Literature DB >> 21939709

Age-related changes in durability and function of vaccine-elicited influenza-specific CD4(+) T-cell responses.

Yolanda D Mahnke1, Areej Saqr, Staci Hazenfeld, Rebecca C Brady, Mario Roederer, Ramu A Subbramanian.   

Abstract

The major antigenic component of licensed influenza vaccines, hemagglutinin (HA), elicits predominantly type-specific antibody responses, thus necessitating frequent antigenic updates to the annual vaccine. However, accumulating evidence suggests that influenza vaccines can also induce significant cross-reactive T-cell responses to highly divergent, heterosubtypic HA antigens not included in the vaccine. Influenza vaccines are less effective among the elderly and studies that characterize cross-reactive T-cell immunity in this vulnerable population are much needed.
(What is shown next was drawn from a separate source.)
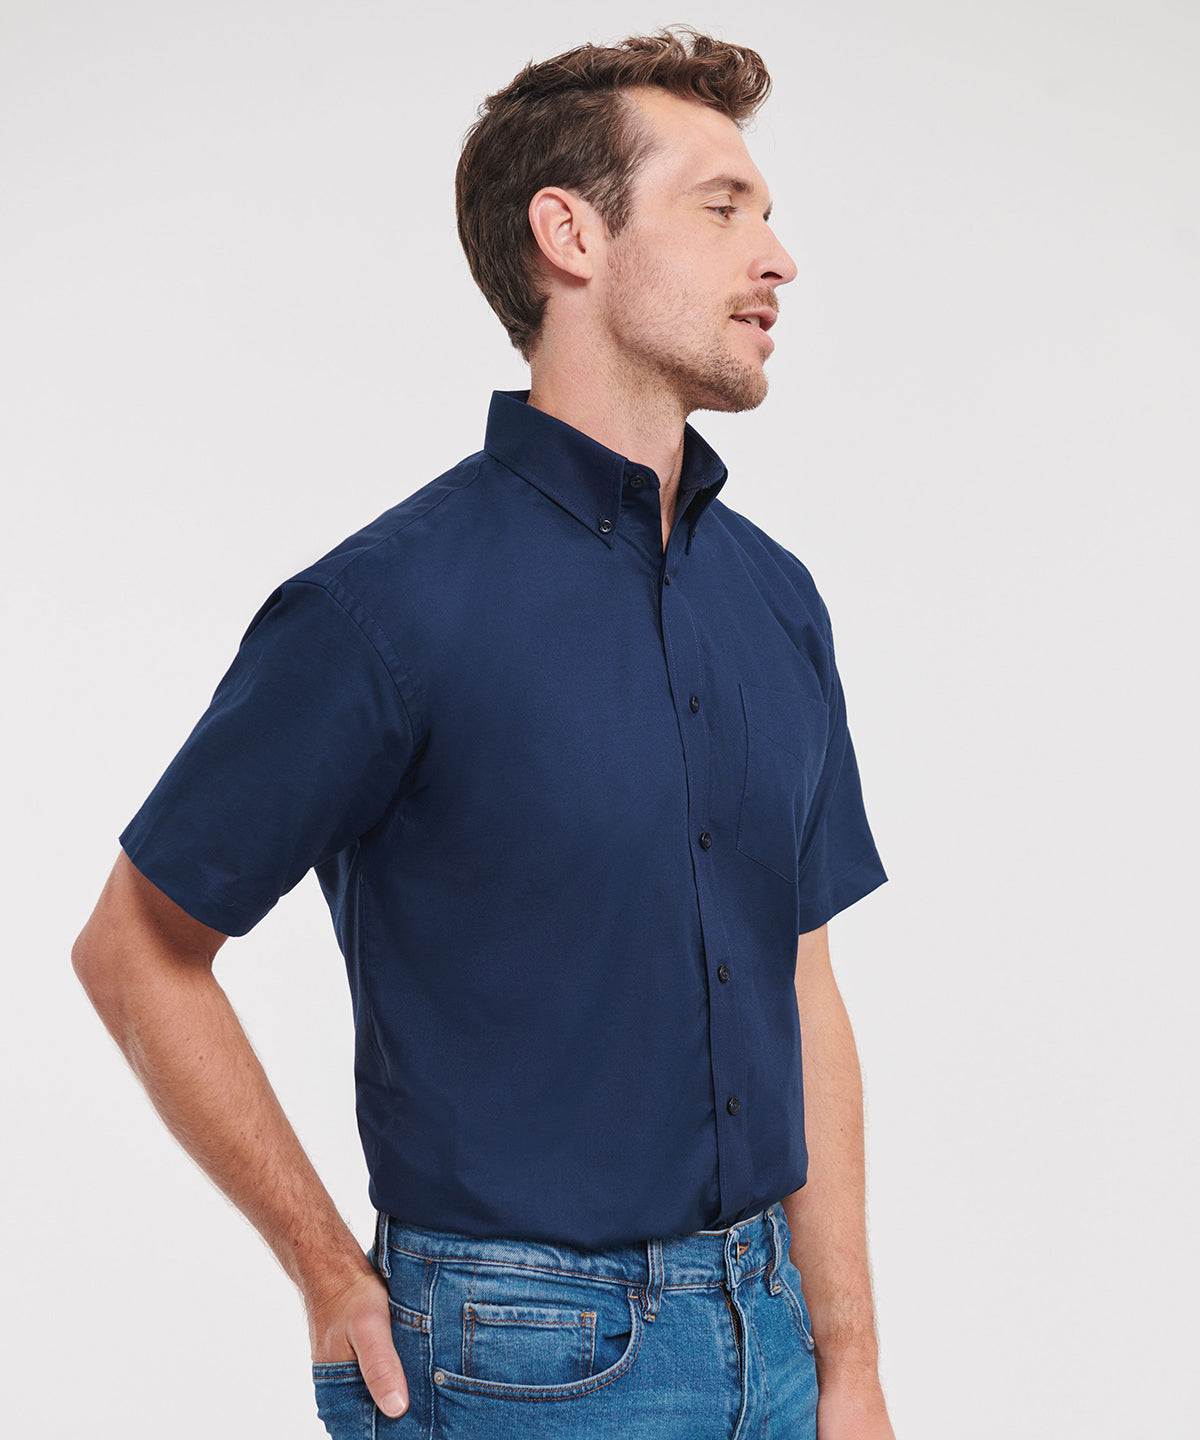 Bolir - Short Sleeve Easycare Oxford Shirt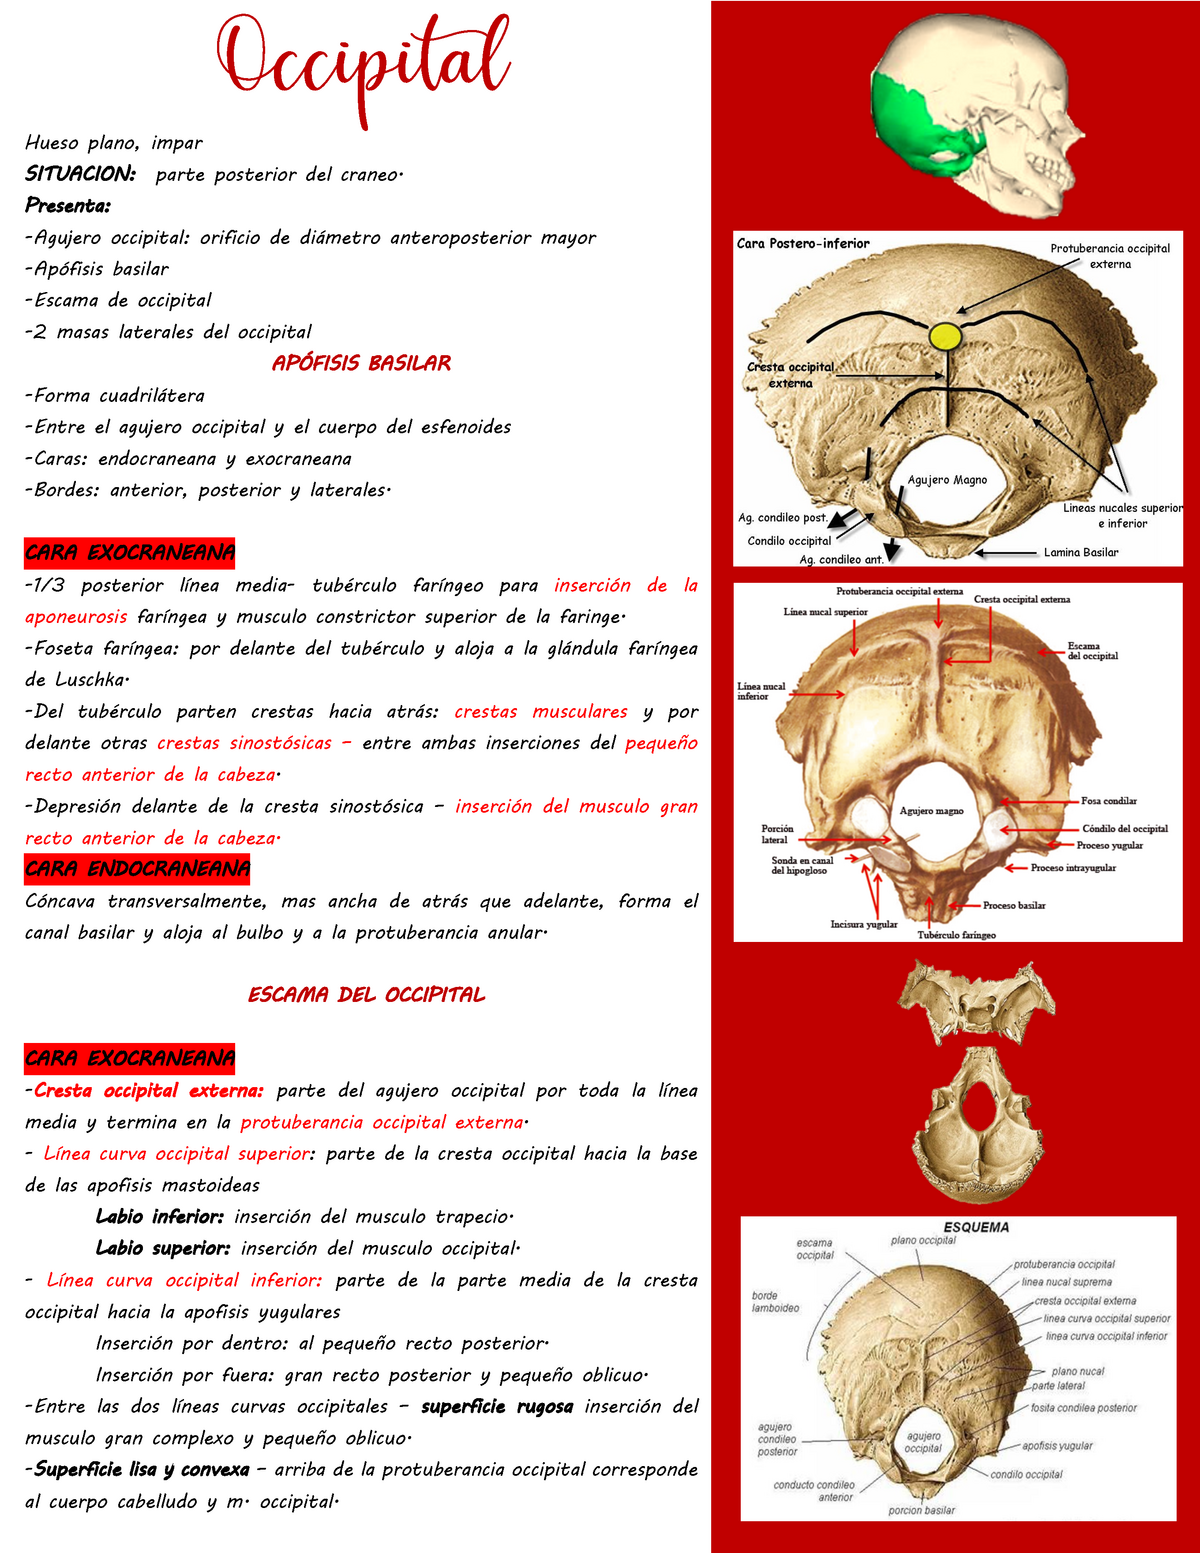 Occipitalhueso Esfenoides Anatomia Apuntes Resumen Esquema Medicina Sexiz Pix 8140

Here, we systematically compare the ex vivo frequency, cytokine profile and phenotype of vaccine-elicited HA-specific T-cell responses among a cohort of young (18-49 years old) and elderly (≥70 years old) vaccinees, as well as the maturation and activation phenotype of total CD4(+) and CD8(+) T-cells. IFN-γ production after in vitro expansion and HA-specific Ab titers were also determined. We find that vaccine-elicited ex vivo frequencies of CD4(+) T-cells elicited by vaccination reactive to any given homo- or heterosubtypic Ag were comparable across the two age groups. While, no differences were observed between age groups in the phenotype of Ag-specific or total CD4(+) T-cells, PBMC from young adults were superior at producing IFN-γ after short-term Ag-specific culture. Significantly, while vaccine-elicited T-cell responses were durable among the younger vaccinees, they were short-lived among the elderly. These results have important ramifications for our understanding of vaccine-induced changes in the magnitude and functionality of HA-specific CD4(+) T-cells, as well as age-related alterations in response kinetics.
Copyright © 2011 Elsevier Ltd. All rights reserved.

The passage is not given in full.